Monday, June 25, 2012

Gold Price Predictions this Week - the Price of Gold will still be Depressed

The price of gold will continue to decline. Analysts predict a week gold prices will continue to go down and hard uphill. Economic data in the United States and European countries that still have not recovered to be the reason.

Policy of the Fed coupled with the release of economic data that does not encouraging the market threaten gold prices. Some of the data are manufacturing data in Philadelphia dipped to -16.6 from -5.8 previous level. Similarly, U.S. home sales in May fell to 4.55 million from 4.62 million previously.

European economic data has also not good. Such as, the European Union manufacturing data in June plunged for five months. Meanwhile, Moody 's Investors Service cut its rating of the world's top 15 banks. This raised fears Europe's fiscal condition.

Last week was a bad week for the price movement of gold. Previously, the market had hoped to ease Europe's debt crisis and the U.S. continued stimulus. All hope was dashed after the G-20 meeting did not produce a solution which could dampen further volatility crisis. To date, there has been no sentiment that could lift gold back to the level of U.S. $ 1,600 for a week. As long as gold price does not meet the level of U.S. $ 1,520 during this week the pressure drop can still be restricted.

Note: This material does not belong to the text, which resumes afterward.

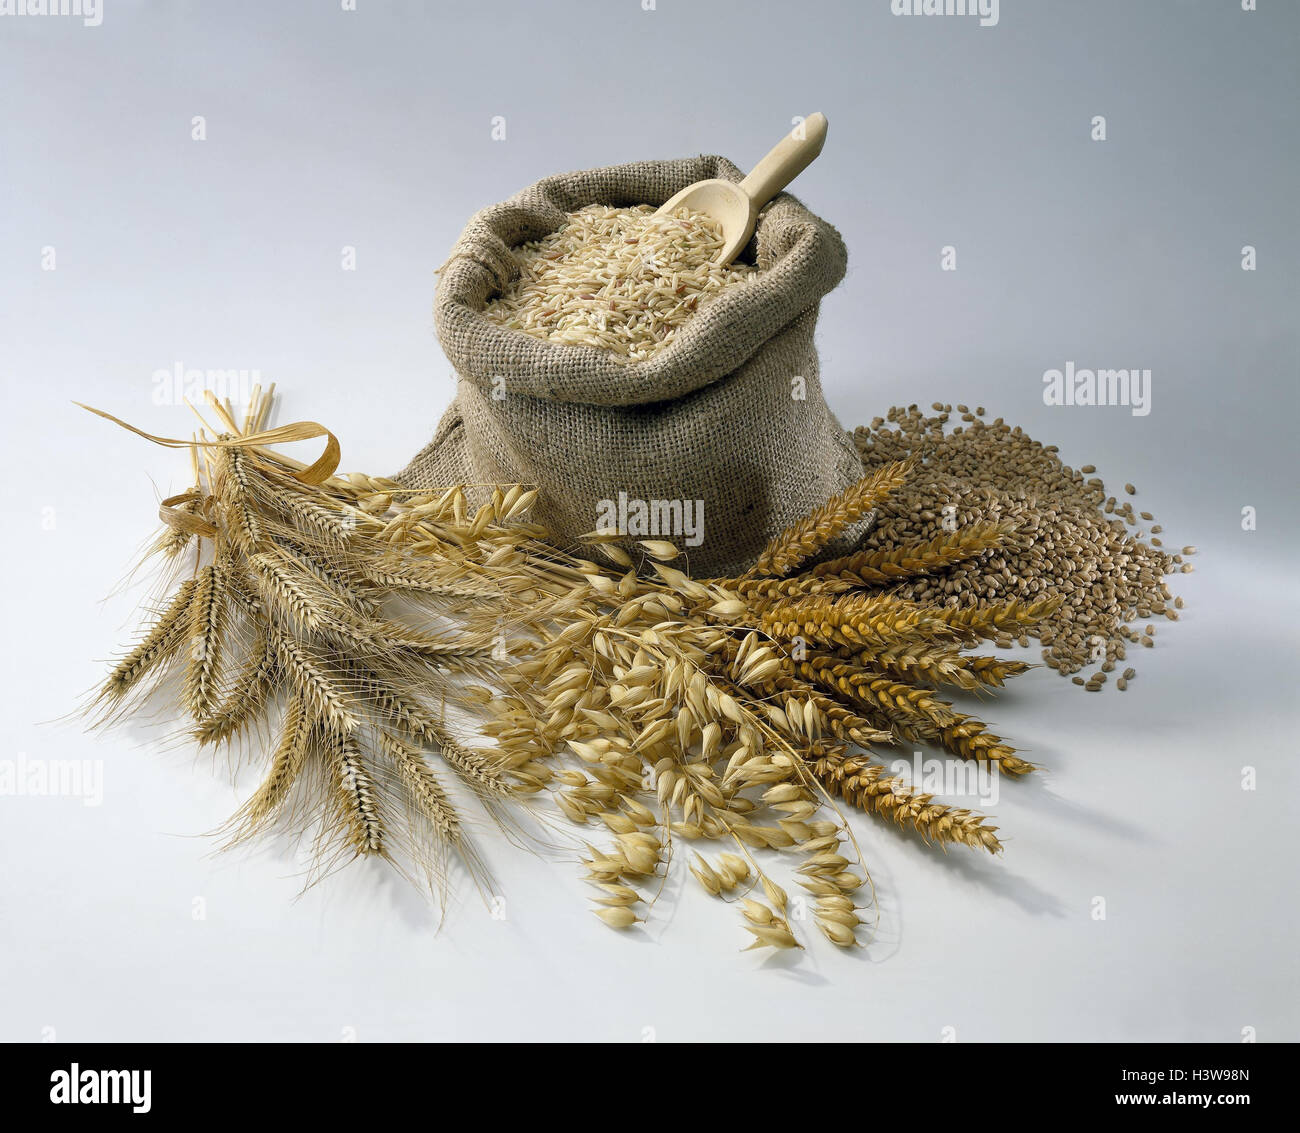 Grain, sorts, passed away, ears, jute pouch, travel cereals, grain sorts, grain ears, roughage, cultivated plants, Still life, product photography Stock Photo

Technically, gold prices still consolidation, tend to weaken. It was shown from the Bollinger band indicator 20 is under the middle Bollinger confirm bearish trend in gold. Moving Average is also close to 80% lower Bollinger. Stochastic weakened. There are only two indicators showed a positive signal that the Moving Average Convergence Divergence and Relative Index Streght. Therefore, gold price predictions of the week will move in the U.S. $ 1,550.23 - U.S. $ 1585.70.

Gold prices that are cheap actually allows the budget hunting action of the world's largest gold consumer. However, the economic conditions of China and India as the largest importer of gold is slowing. Automatically, the demand for gold is also reduced. Investors can not expect an increase because the two countries will not buy gold in large quantities.